Sergei Golubchik <serg@askmonty.org> writes:
So now the algorithm is something like this:
Where in this algorithm you call ht->commit_ordered() ?
Oops, I forgot, sorry! It should be at the start of "for thd2 in <queue>" (before the wakeup).
thd->ready= false lock(LOCK_prepare_ordered) old_queue= group_commit_queue thd->next= old_queue group_commit_queue= thd ht->prepare_ordered() unlock(LOCK_prepare_ordered)
if (old_queue == NULL) // leader? lock(LOCK_group_commit)
lock(LOCK_prepare_ordered) queue= reverse(group_commit_queue) group_commit_queue= NULL unlock(LOCK_prepare_ordered)
group_log_xid(queue)
lock(LOCK_commit_ordered) // but see below unlock(LOCK_group_commit) for thd2 in <queue>
Here: ht->commit_ordered(thd2)
lock(thd2->LOCK_wakeup) thd2->ready= true signal(thd2->COND_wakeup) unlock(thd2->LOCK_wakeup) unlock(LOCK_commit_ordered) else lock (thd->LOCK_wakeup) while (!thd->ready) wait(COND_wakeup, LOCK_wakeup) unlock (thd->LOCK_wakeup)
cookie= xid_log_after()
On the other hand, the algorithm I suggested earlier for START TRANSACTION WITH CONSISTENT SNAPSHOT used the LOCK_commit_ordered, and there might be other uses...

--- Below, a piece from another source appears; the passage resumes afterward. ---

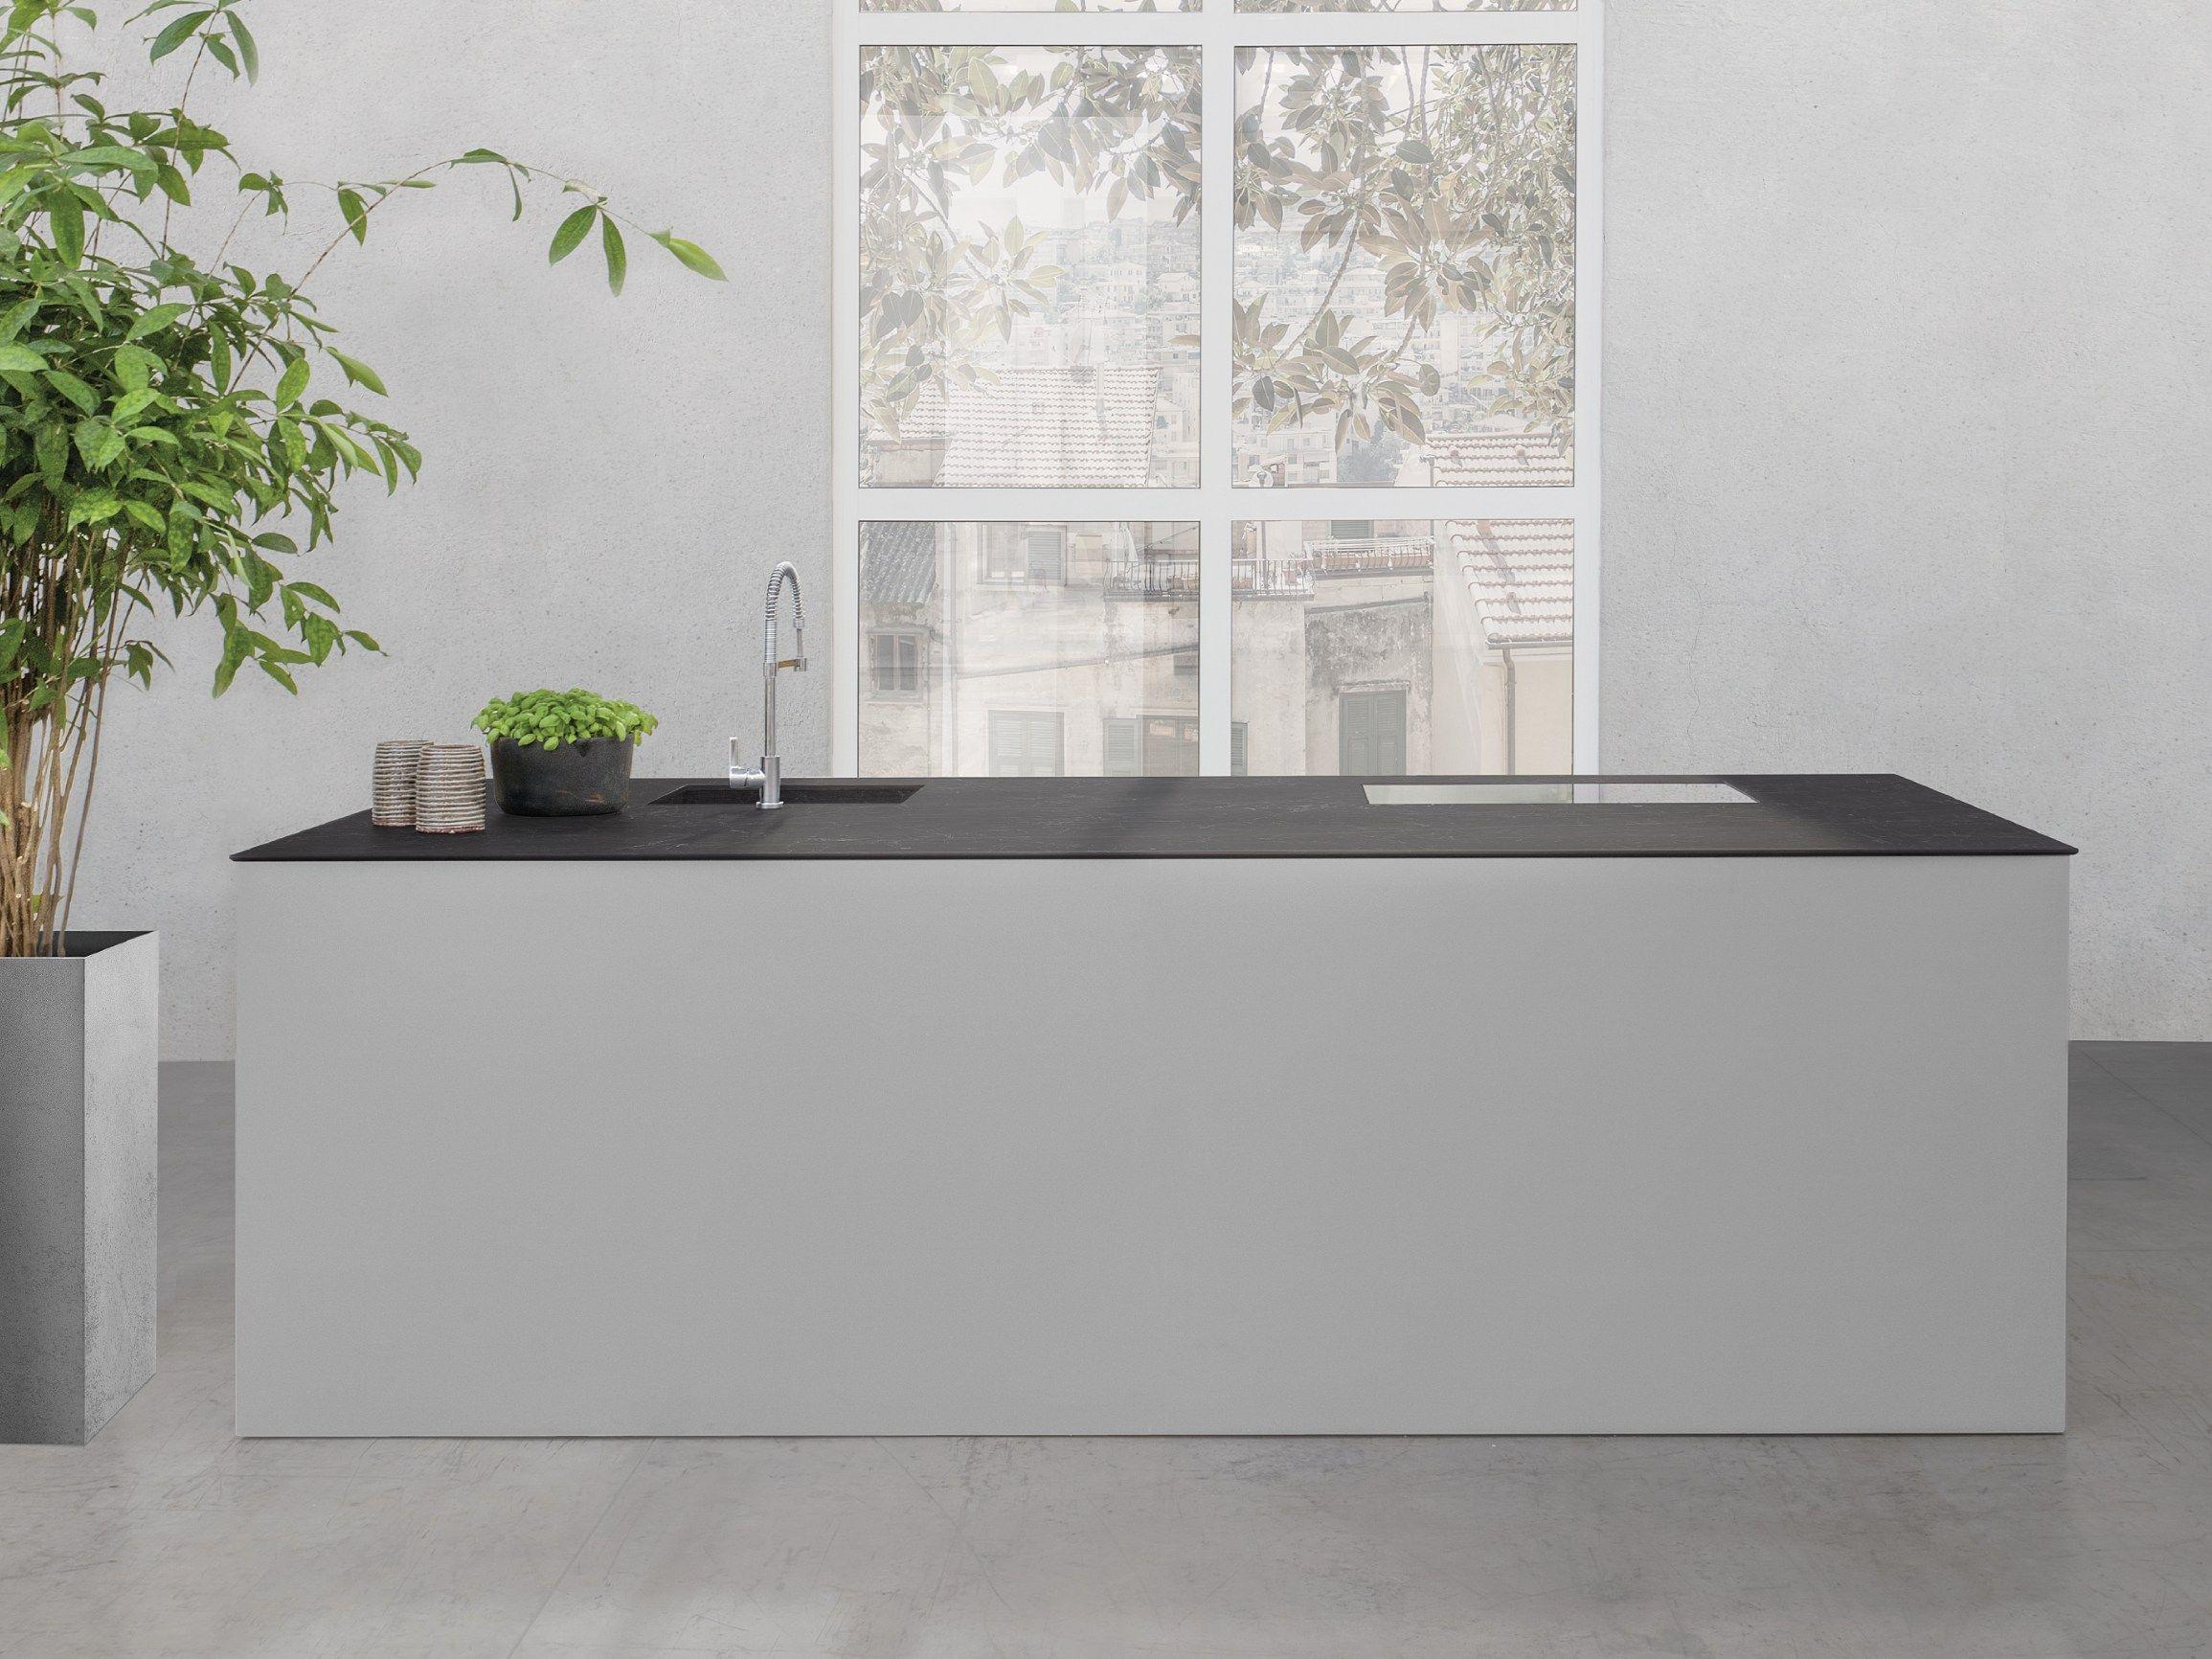 cava 1620x3240 collection 1620x3240mm by laminam design laminam. Black Bedroom Furniture Sets. Home Design Ideas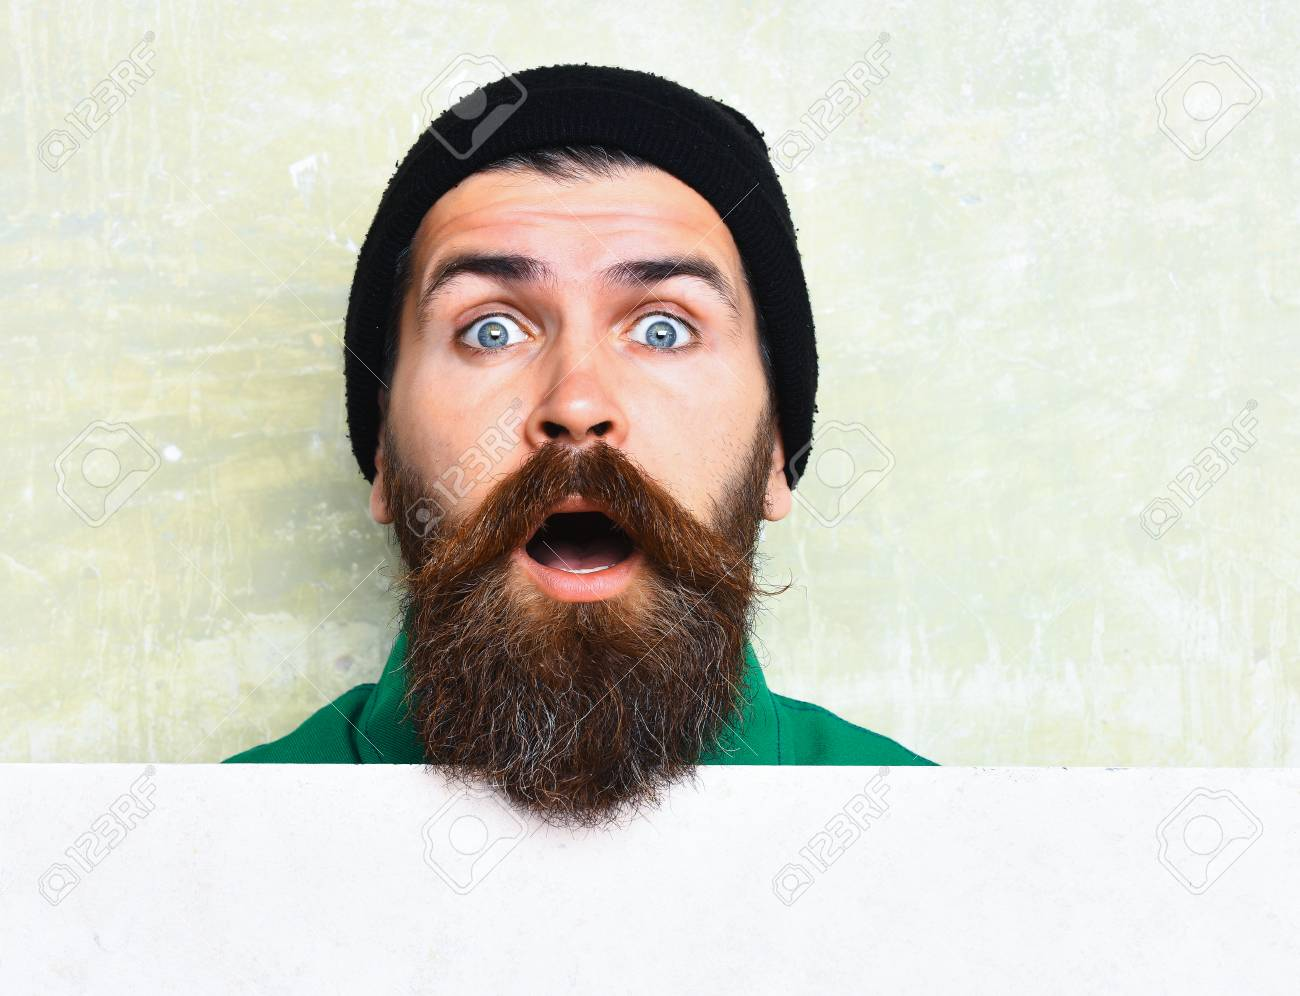 65abb76c79c Bearded Man In Black Cap

START TRANSACTION WITH CONSISTENT SNAPSHOT is a good reason to keep the mutex.
Yes, probably.
But I choose to do it earlier, as soon as the transaction is put in the queue and commit order thereby defined.
There can be quite a "long" time interval between these two events: the time it takes for the previous group_log_xid() (eg. an fsync()), plus sometimes one wants to add extra sleeps in group commit to group more transactions together.
No. The long interval is *inside* the group_log_xid(), while you call prepare_ordered() *before* it.
Right, that is what I meant. One group of transactions execute the long interval inside group_log_xid(). While this happens, new transactions that want to commit queue up waiting for the first group to finish. The first waiting transaction (the new leader) blocks on the LOCK_group_commit, any other waits for the new leader to wake them up. So I want to call prepare_ordered() before blocking on LOCK_group_commit, as that mutex is held for the duration of group_log_xid()
But anyway, the LOCK_prepare_ordered mutex is not going to be contented, so removing it by using a lock-free queue (that's what this second approach is about) will not bring any noticeable benefits.
Very true.
It's reasonable to say that if an engine does not implement commit_ordered() then it needs to take care of its own recovery and fsync both in prepare and commit.
Yes, sounds reasonable. Thanks! - Kristian.